Our modern fetish is universal suffrage. Those who have not yet achieved that goal fight bloody revolutions to obtain it, and those who have enjoyed its reign bring heavy sacrifice to the altar of this omnipotent deity. Woe to the heretic who dares question that divinity! Woman’s demand for equal suffrage is based largely on the contention that woman must have the equal right in all affairs of society. No one could, possibly, refute that, if suffrage were a right. Alas, for the ignorance of the human mind, which can see a right in an imposition. Or is it not the most brutal imposition for one set of people to make laws that another set is coerced by force to obey? Yet woman clamors for that “golden opportunity” that has wrought so much misery in the world, and robbed man of his integrity and self-reliance, an imposition that has thoroughly corrupted the people and made them absolute prey in the hands of unscrupulous politicians.
I am not opposed to woman suffrage on the conventional ground that she is not equal to it. I see neither physical, psychological, nor mental reasons why woman should not have the equal right to vote with man. But that cannot possibly blind me to the absurd notion that woman will accomplish that wherein man has failed. If she would not make things worse, she certainly could not make them better. To assume, therefore, that she would succeed in purifying something which is not susceptible of purification is to credit her with supernatural powers. Since woman’s greatest misfortune has been that she was looked upon as either angel or devil, her true salvation lies in being placed on earth, namely, in being considered human and therefore subject to all human follies and mistakes. Are we, then, to believe that two errors will make a right? Are we to assume that the poison already inherent in politics will be decreased if women were to enter the political arena? The most ardent suffragists would hardly maintain such a folly.

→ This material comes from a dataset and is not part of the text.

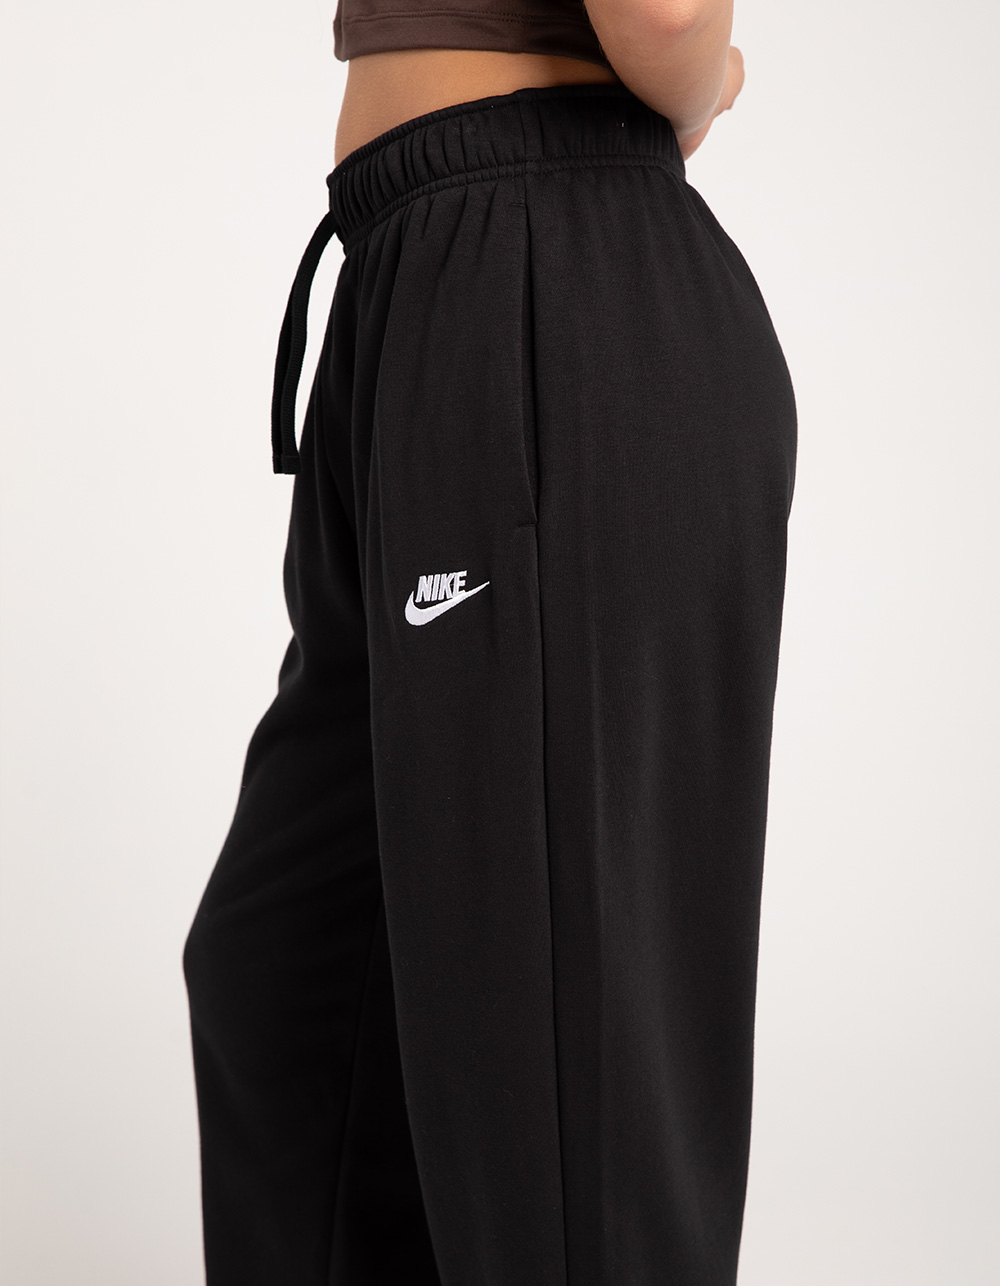 Nike Sweatpants Women
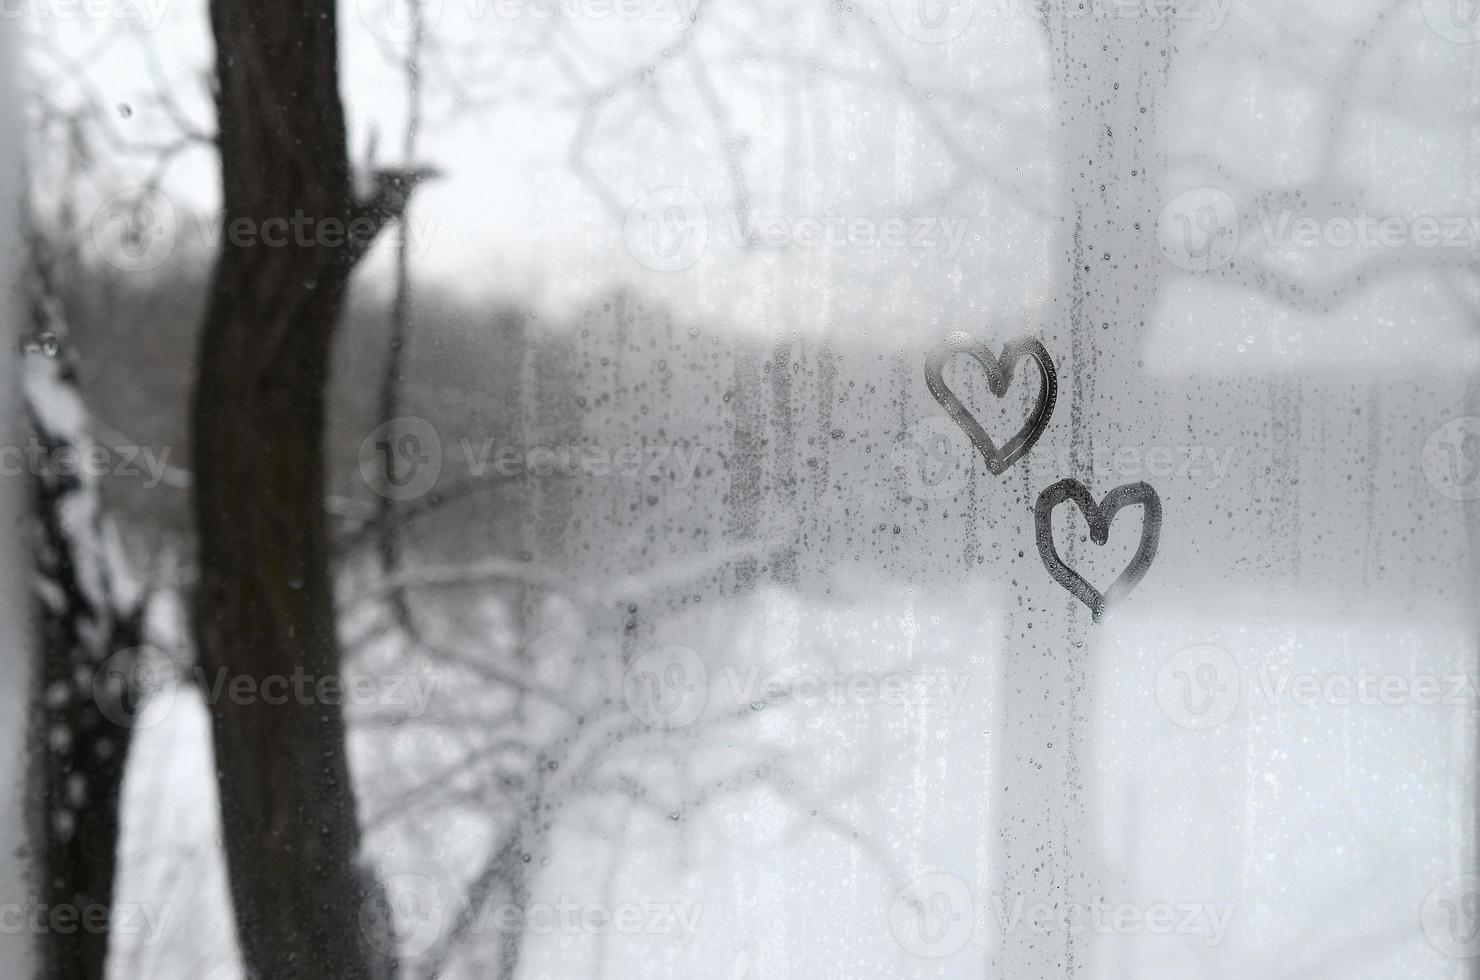 dois corações pintados em um vidro embaçado no inverno foto

As a matter of fact, the most advanced students of universal suffrage have come to realize that all existing systems of political power are absurd, and are completely inadequate to meet the pressing issues of life. This view is also borne out by a statement of one who is herself an ardent believer in woman suffrage, Dr. Helen L. Sumner. In her able work Equal Suffrage, she says, “In Colorado we find that equal suffrage serves to show in the most striking way the essential rottenness and degrading character of the existing system.”
But, say our suffrage devotees, look at the countries and states where female suffrage exists. See what woman has accomplished—in Australia, New Zealand, Finland, the Scandinavian countries, and in our own four states Idaho, Colorado, Wyoming, and Utah. Distance lends enchantment—or, to quote a Polish formula—“it is well where we are not.” Thus one would assume that those countries and states are unlike other countries or states, that they have greater freedom, greater social and economic equality, a finer appreciation of human life, deeper understanding of the great social struggle, with all the vital questions it involves for the human race.
The women of Australia and New Zealand can vote and help make the laws. Are the labor conditions better there than they are in England, where the suffragettes are making such a heroic struggle? Does there exist a greater motherhood, happier and freer children than in England? Is woman there no longer considered a mere sex commodity? Has she emancipated herself from the puritanical double standard of morality for men and women? Certainly none but the ordinary female stump politician will dare answer these questions in the affirmative.